● **Problem requirements**: Type out the listing below exactly. Pictures stay out of it.

● **Exercise data**:
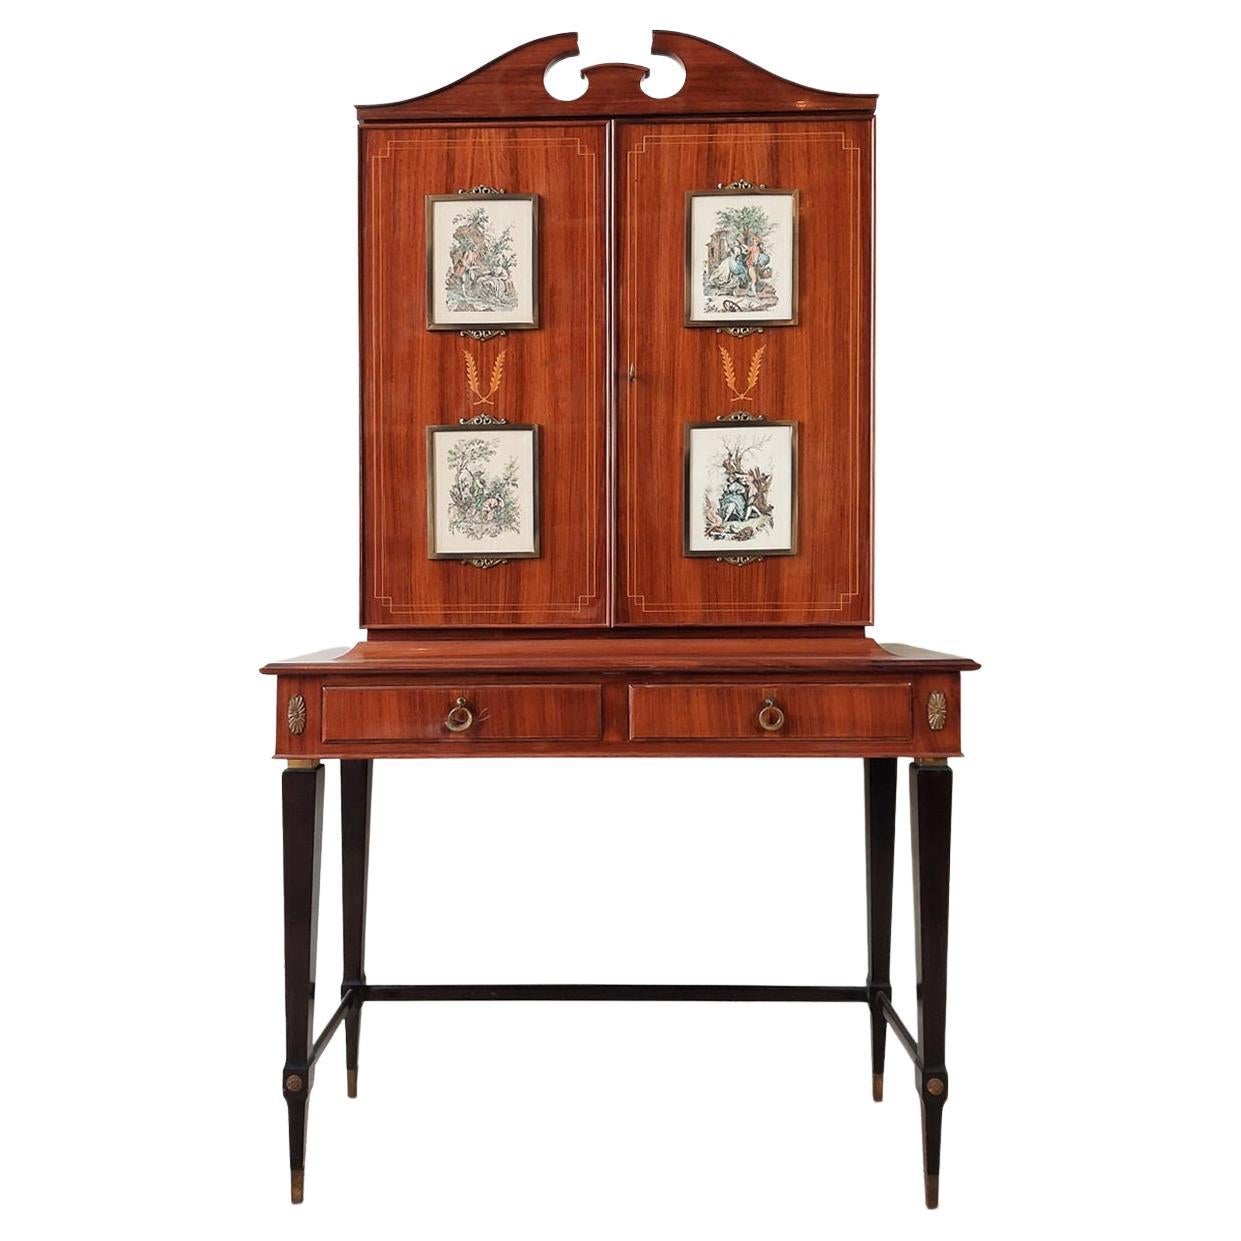 1960s Italian Designer Drinks Cabinet, Inlaid and Decorated with Etchings For Sale
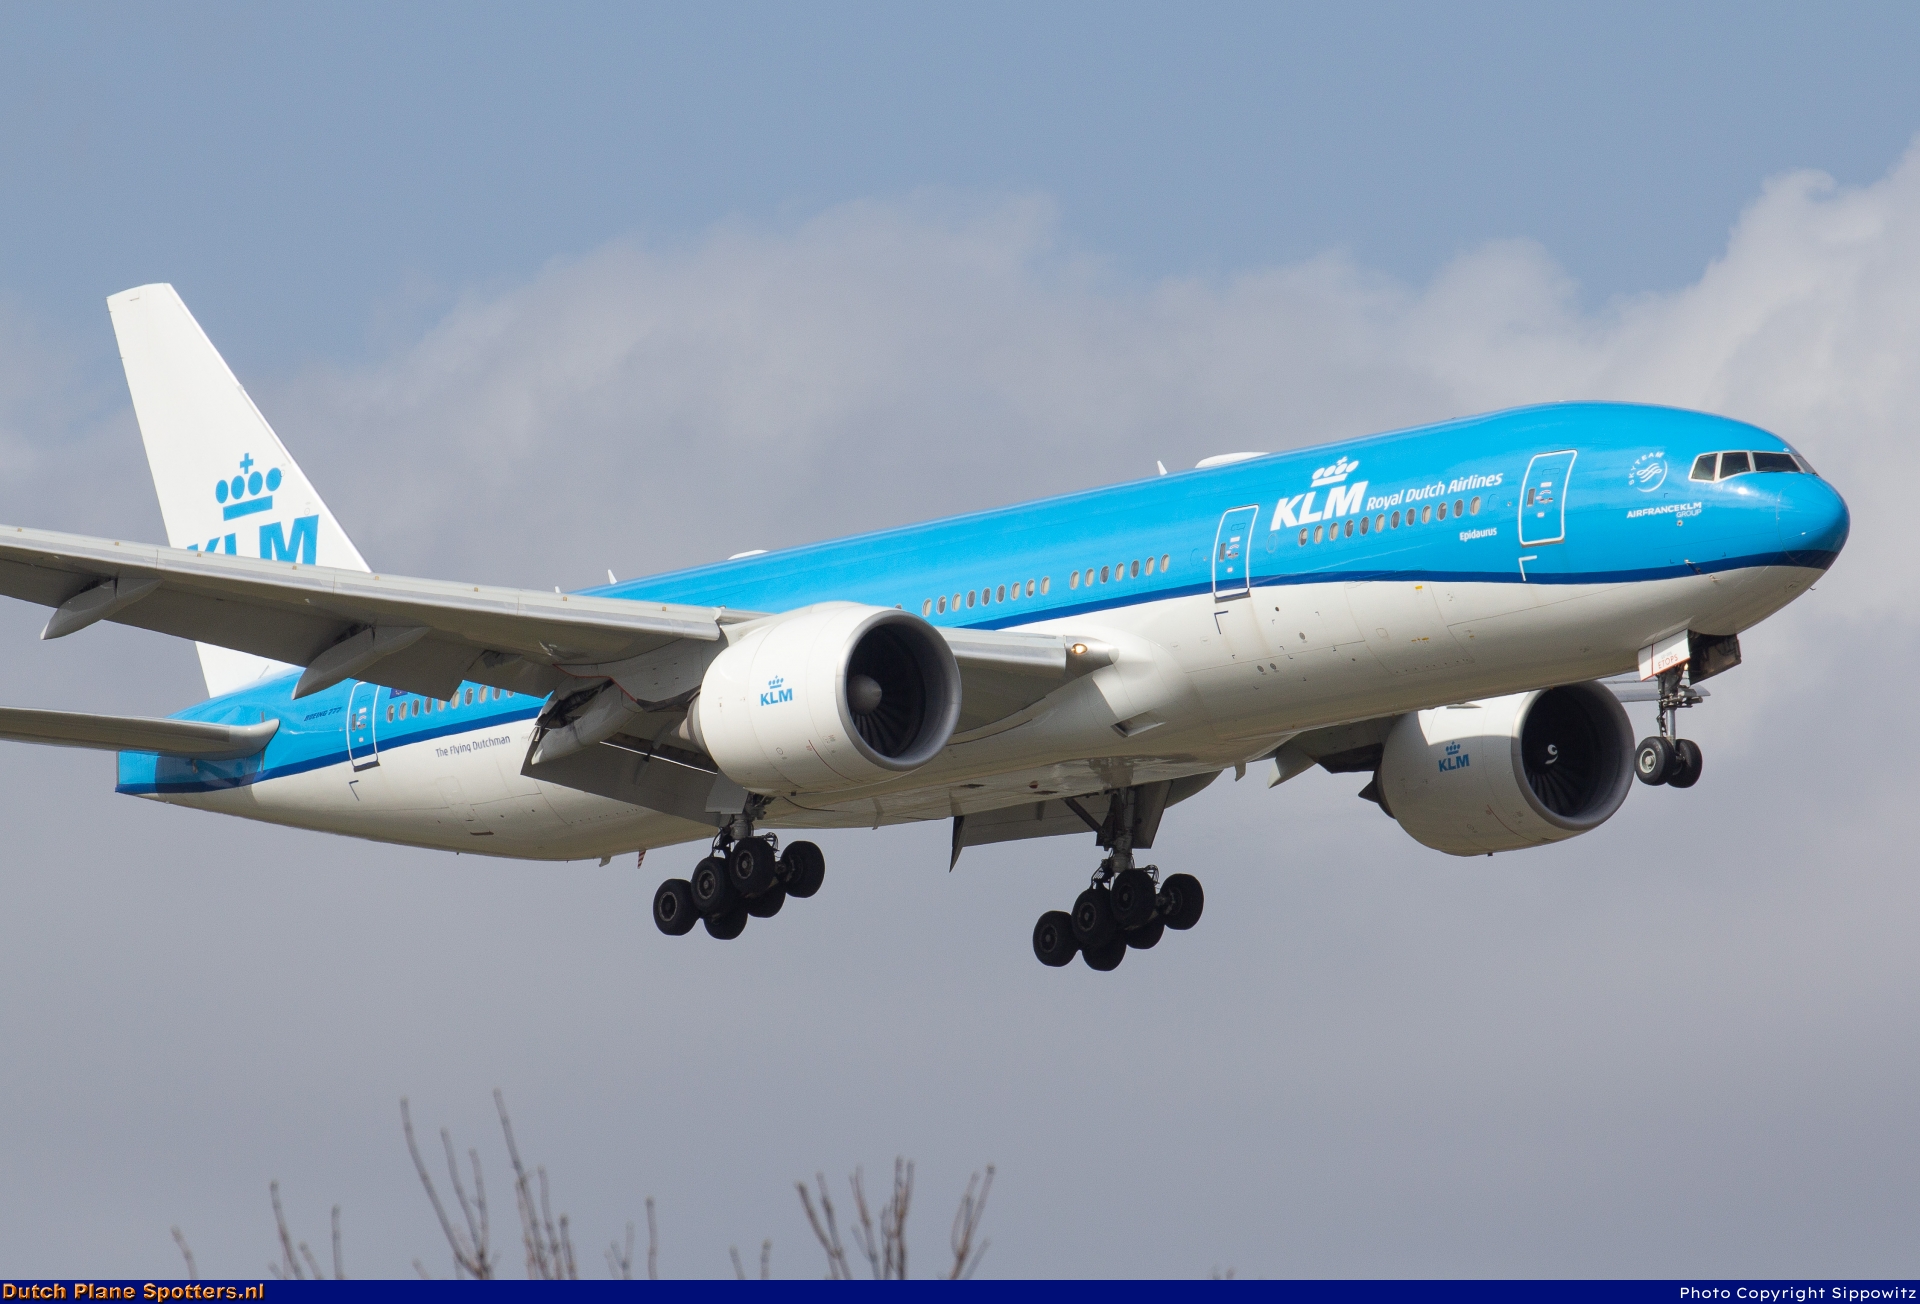 PH-BQE Boeing 777-200 KLM Royal Dutch Airlines by Sippowitz
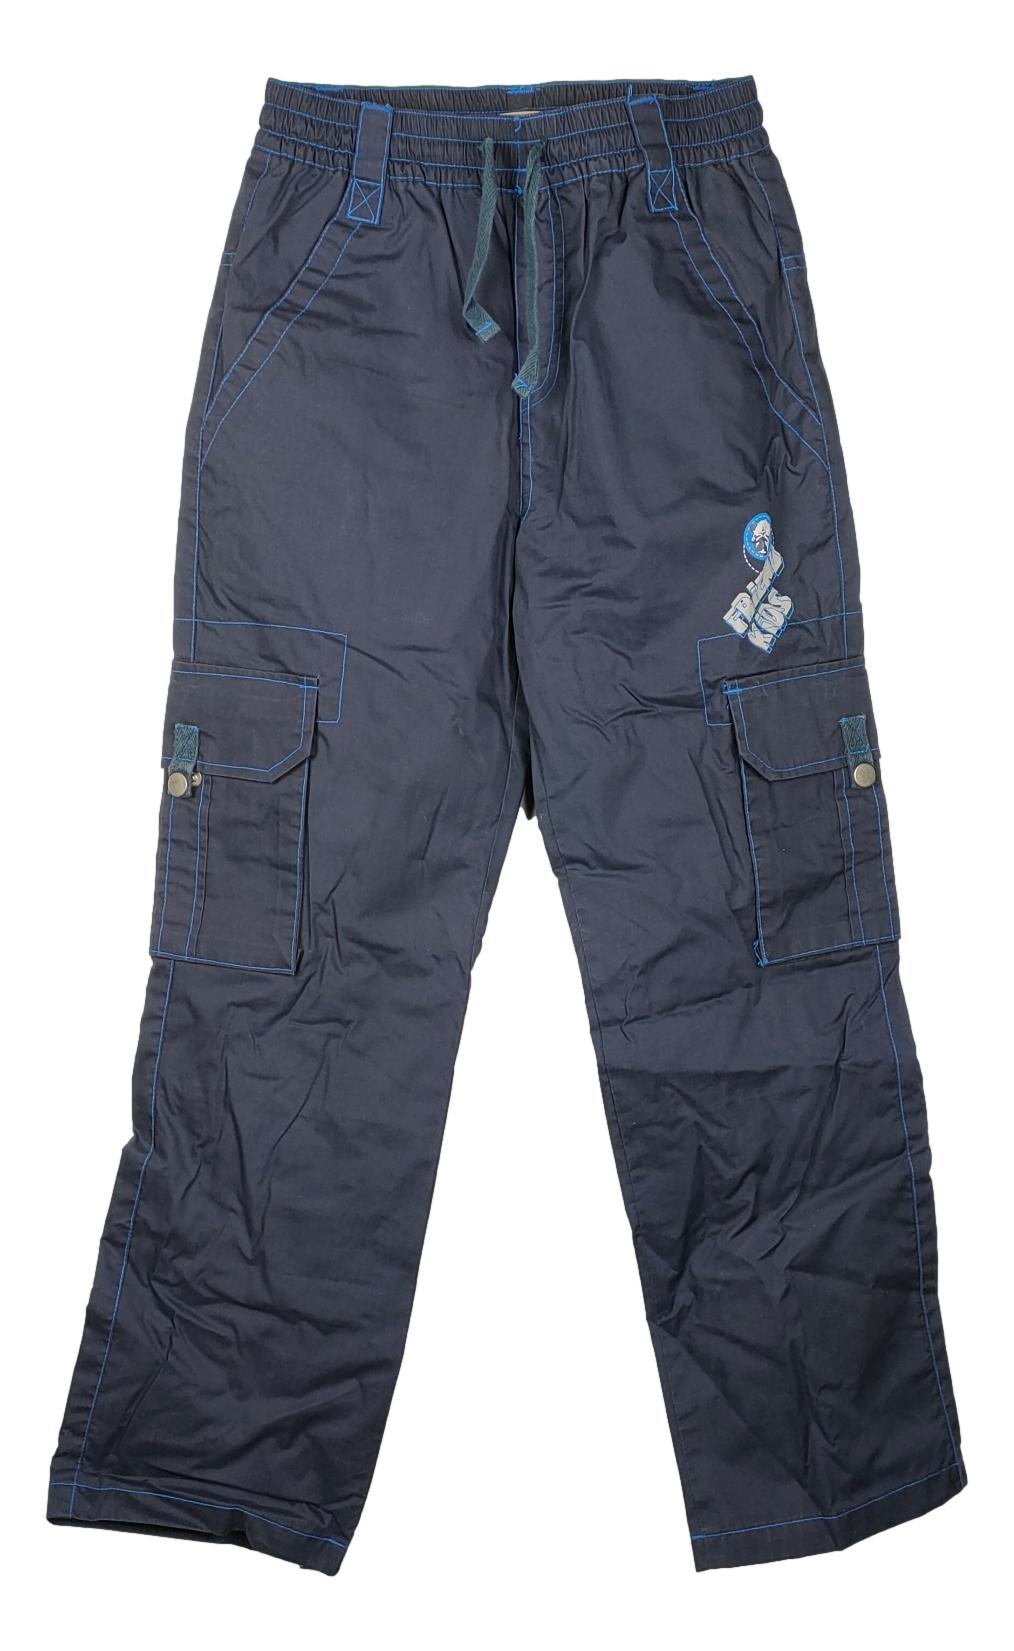 Pantalon In Extenso -Taille 10 ans
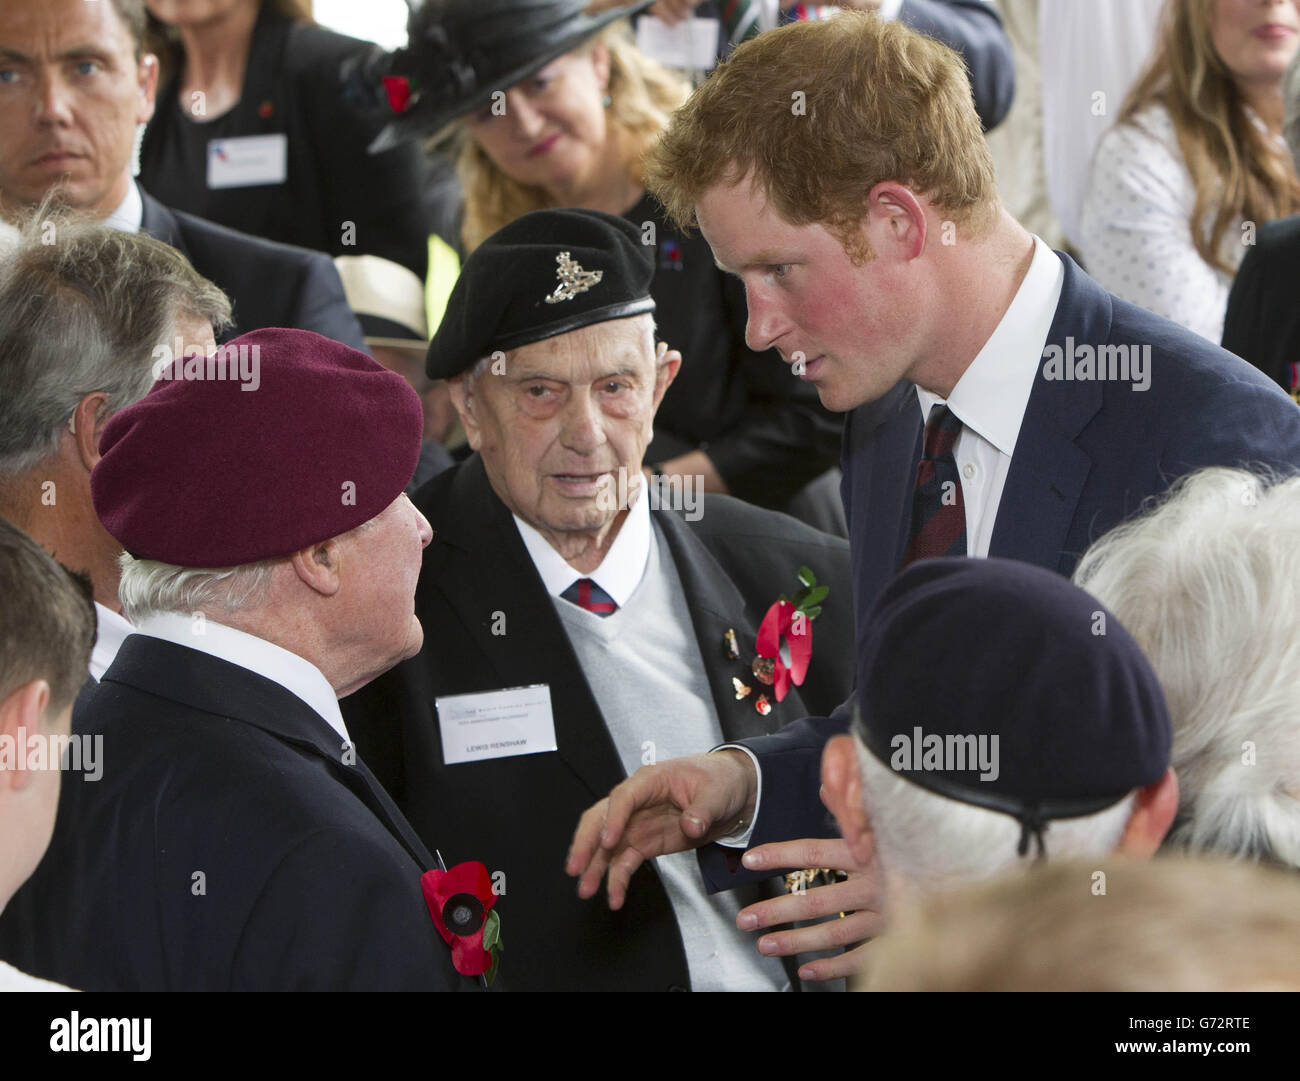 Prince Harry attends the British commemoration reception at the Hotel Rocca in Cassino and speaks with WWII veterans; the event commemorates the 70th Anniversary of the Battles of Monte Cassino, acknowledging the British and Commonwealth contribution to the successful conclusion of the battles in this area. Stock Photo

● **Result of the exercise**:
 1960s Italian Designer Drinks Cabinet, Inlaid and Decorated with Etchings For Sale
 PH-BQE Boeing 777-200 KLM Royal Dutch Airlines by Sippowitz
 Pantalon In Extenso -Taille 10 ans
 Prince Harry attends the British commemoration reception at the Hotel Rocca in Cassino and speaks with WWII veterans; the event commemorates the 70th Anniversary of the Battles of Monte Cassino, acknowledging the British and Commonwealth contribution to the successful conclusion of the battles in this area. Stock Photo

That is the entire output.